▸ Exercise instructions
Set down, exactly and only, everything from the line containing "Vídeos mostram ratos" down to the line containing "Orca-Killerwal mit schwuler" in the data below; the pictures are not part of the copy.

▸ Listed records

•••••

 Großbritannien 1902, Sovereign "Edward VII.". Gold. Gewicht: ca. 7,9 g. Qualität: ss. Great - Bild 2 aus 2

•••••

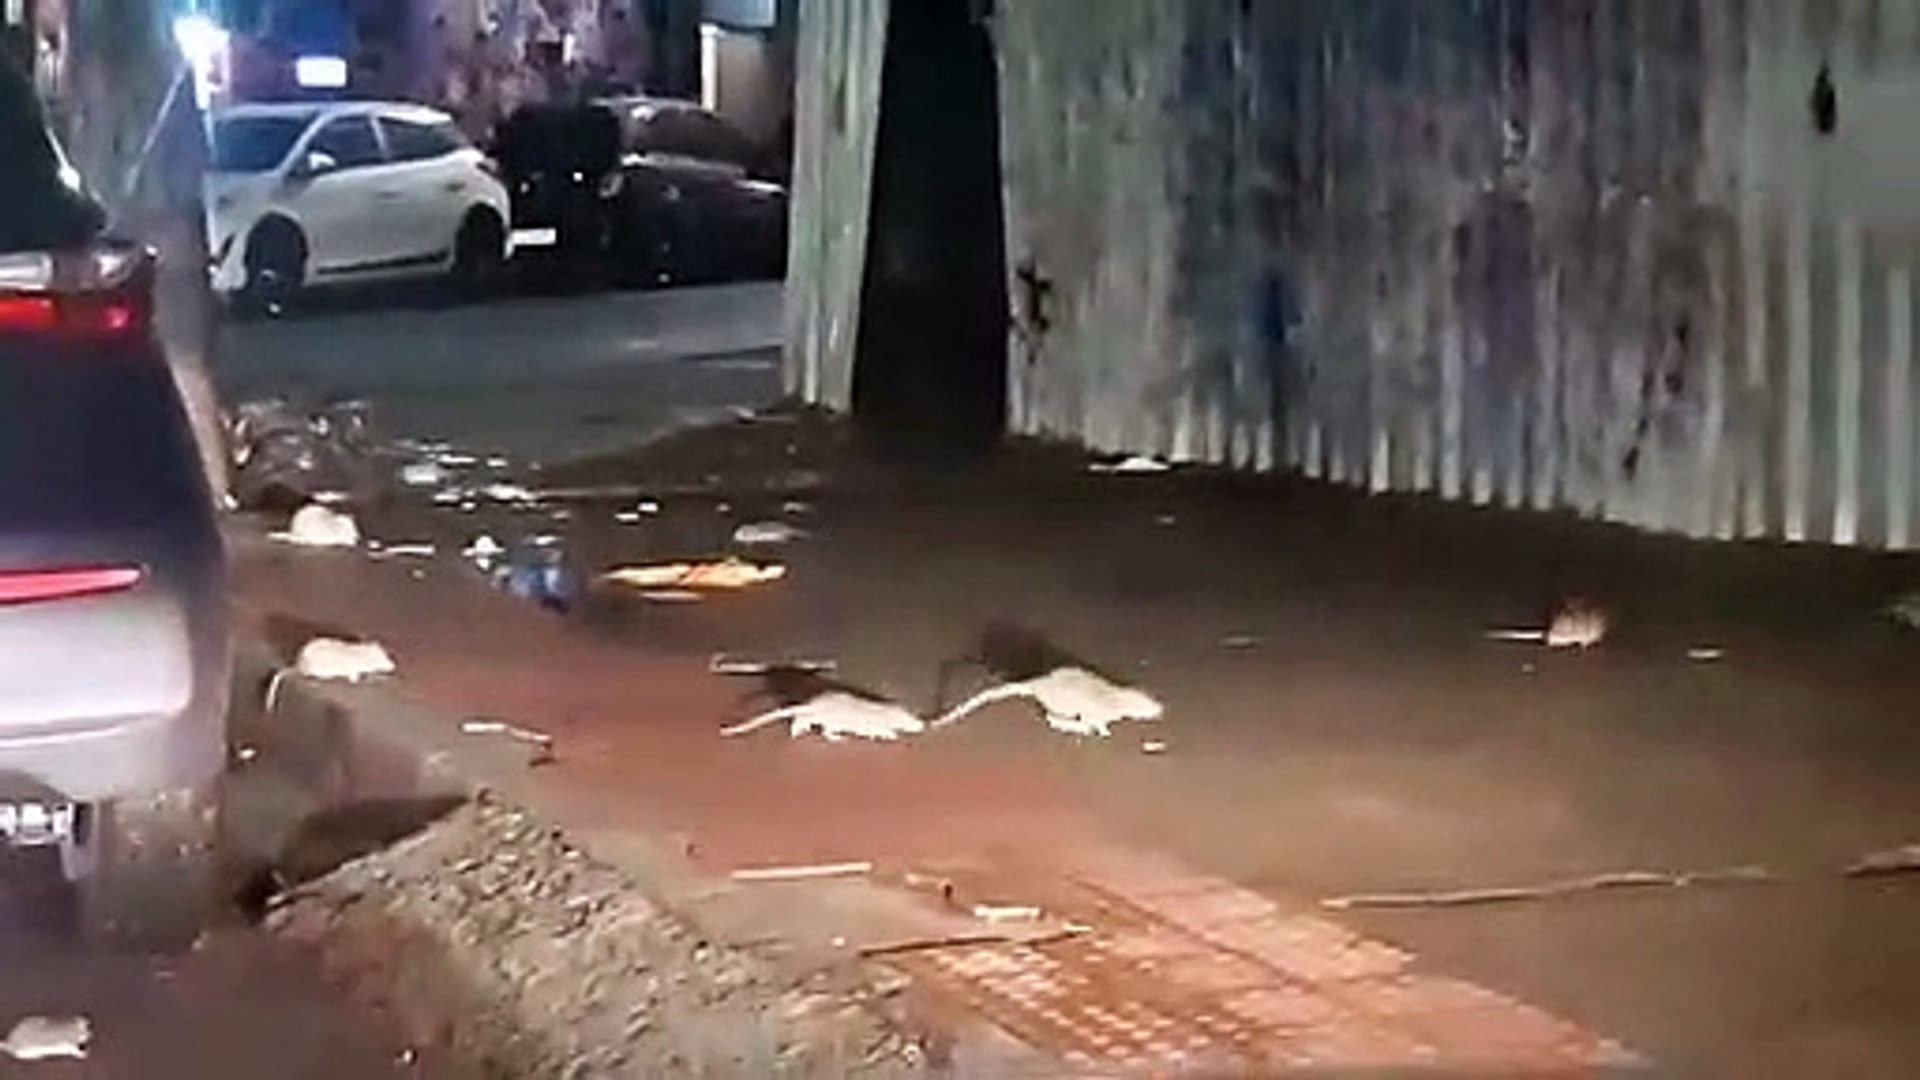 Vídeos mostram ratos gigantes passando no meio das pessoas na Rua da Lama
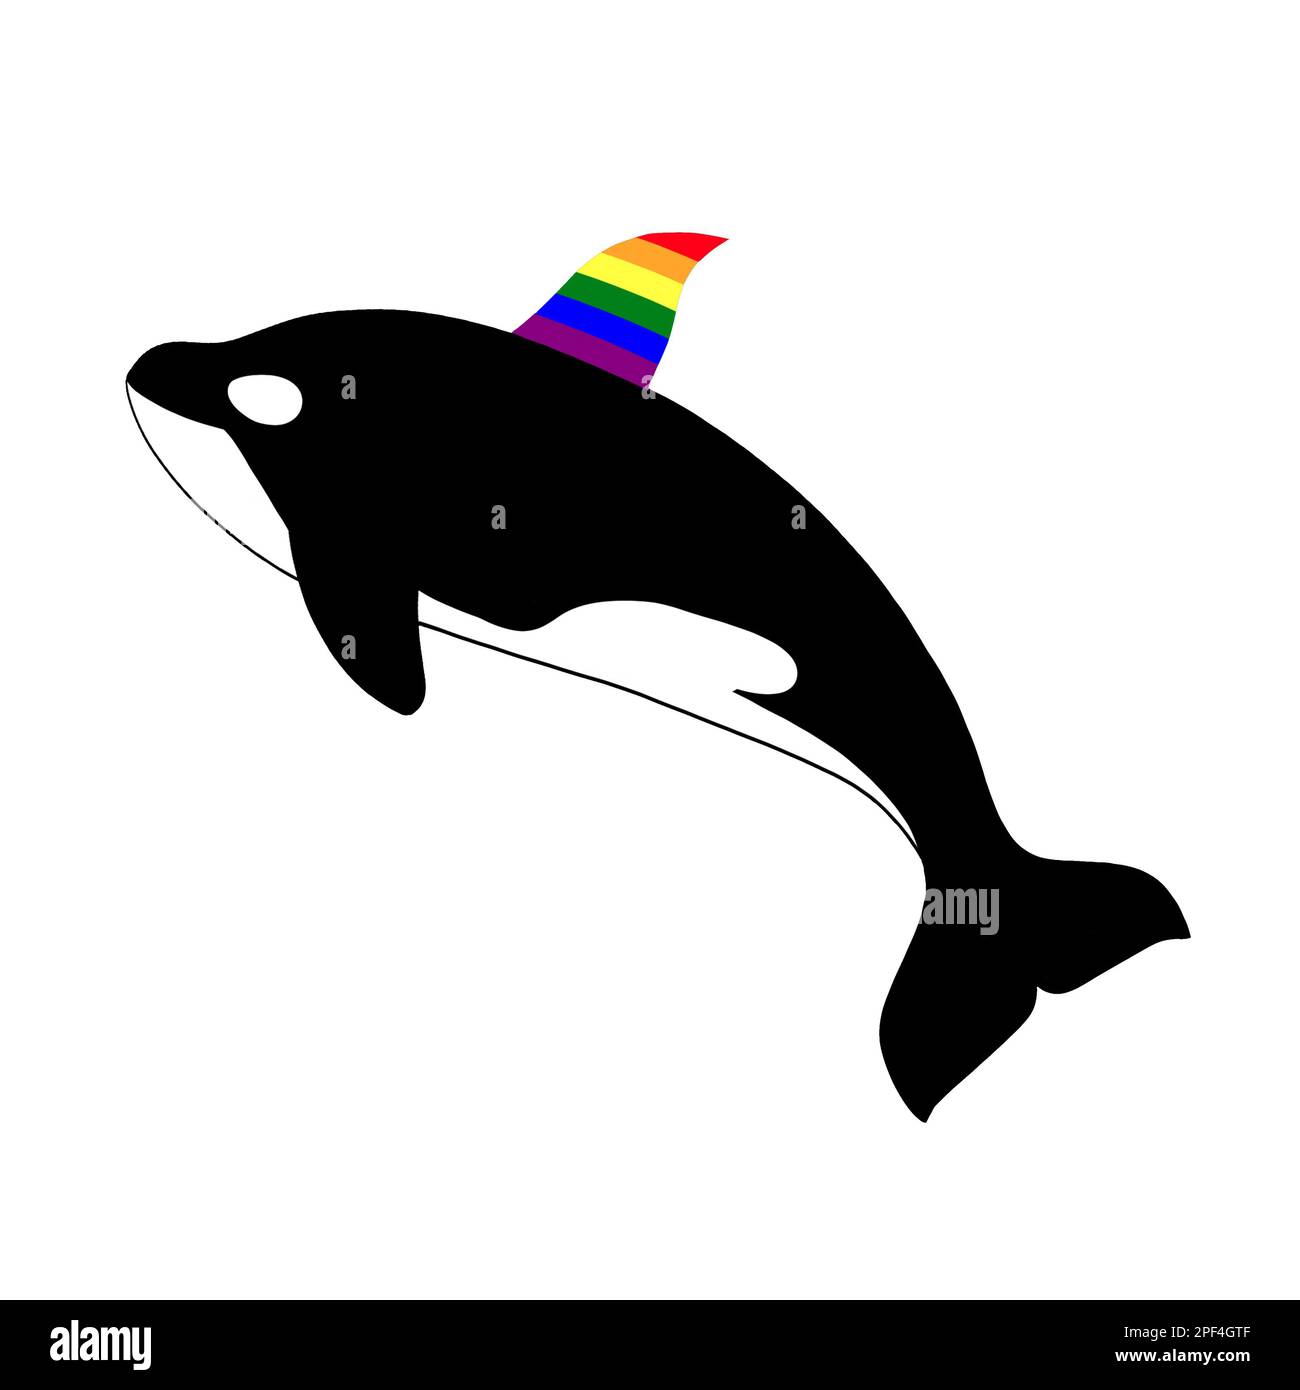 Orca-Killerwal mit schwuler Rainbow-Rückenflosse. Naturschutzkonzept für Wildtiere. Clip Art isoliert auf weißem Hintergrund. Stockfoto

•••••

▸ Answer to this problem
 Vídeos mostram ratos gigantes passando no meio das pessoas na Rua da Lama
 Orca-Killerwal mit schwuler Rainbow-Rückenflosse. Naturschutzkonzept für Wildtiere. Clip Art isoliert auf weißem Hintergrund. Stockfoto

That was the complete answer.